The part that really got to me though, was the relationship my mother and grandmother had. My mother had been a daddy’s girl and he had already passed away years before. My grandmother had an addiction to alcohol and pills until she had the stroke. When my grandmother was drunk or high, she would become mean. She was mean to everyone. She would take it out on whoever was around.
This created strain in her relationships. She seemed to be mean mostly to my mother. My grandmother had two other children. Her son had died from cirrhosis of the liver already years before. Her other daughter refused to take care of her. My mom really had little help.

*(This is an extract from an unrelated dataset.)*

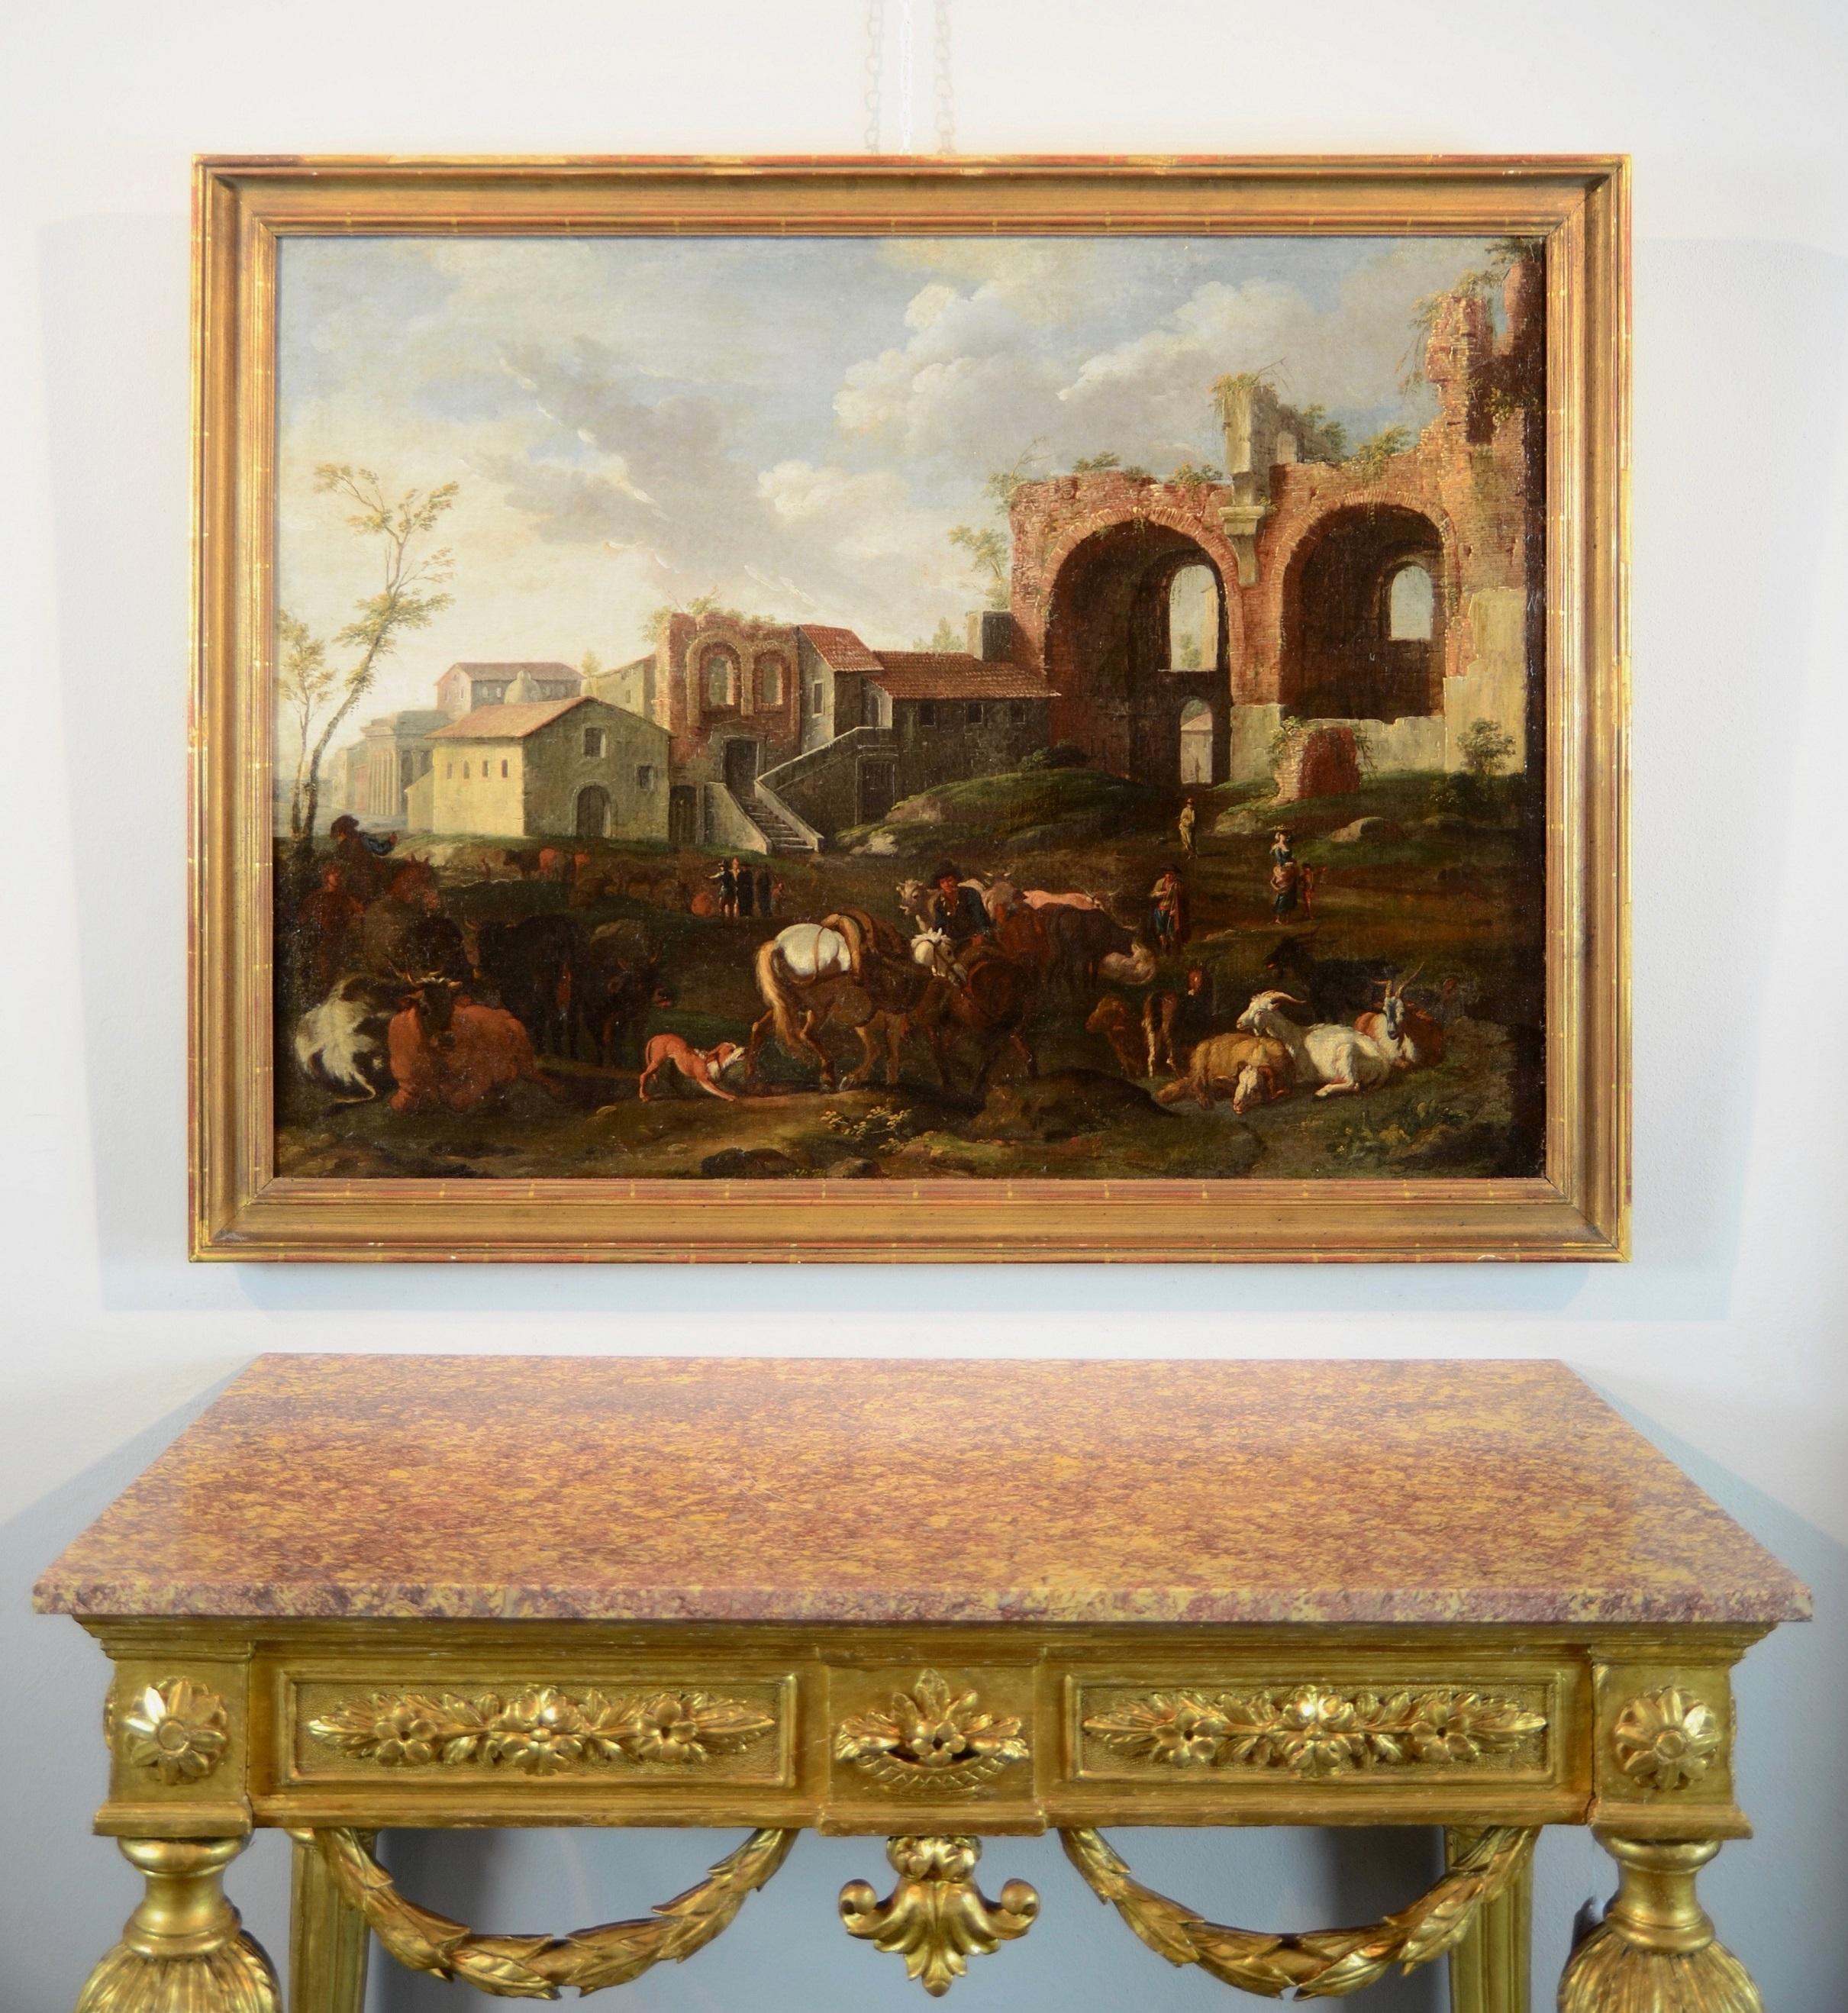 Peinture à l'huile sur toile - Paysage de Rome de Van Bloemen - 17/18e siècle - Grand maître italien - Maîtres anciens Painting par Pieter Van Bloemen (1674-1720)

My mother did this with little complaint. She just got up and did what she had to do, day after day. What kind of person would give up their home to care for others, would give up comfort, give up time, and give up sleep?
This was the definition of a real caregiver. This was something that really is not seen that often. I know that she is not the only one who is really doing an expectational job of caregiving. I know some of you are doing that also.
Why are you giving yourself so completely? I think love is the answer.
How about when it is hard and nobody thanks you? How do you do that?
Some of you are frustrated. Some are fighting with relatives over care. Some are never appreciated. Some may be caring for someone who has been mean to you before or because of illness can be mean to you now. Some are afraid of what life will be like when this is all over.
Others are barely sleeping, or having time for friends. The caregiving has created isolation for you and you also feel drained in your own health.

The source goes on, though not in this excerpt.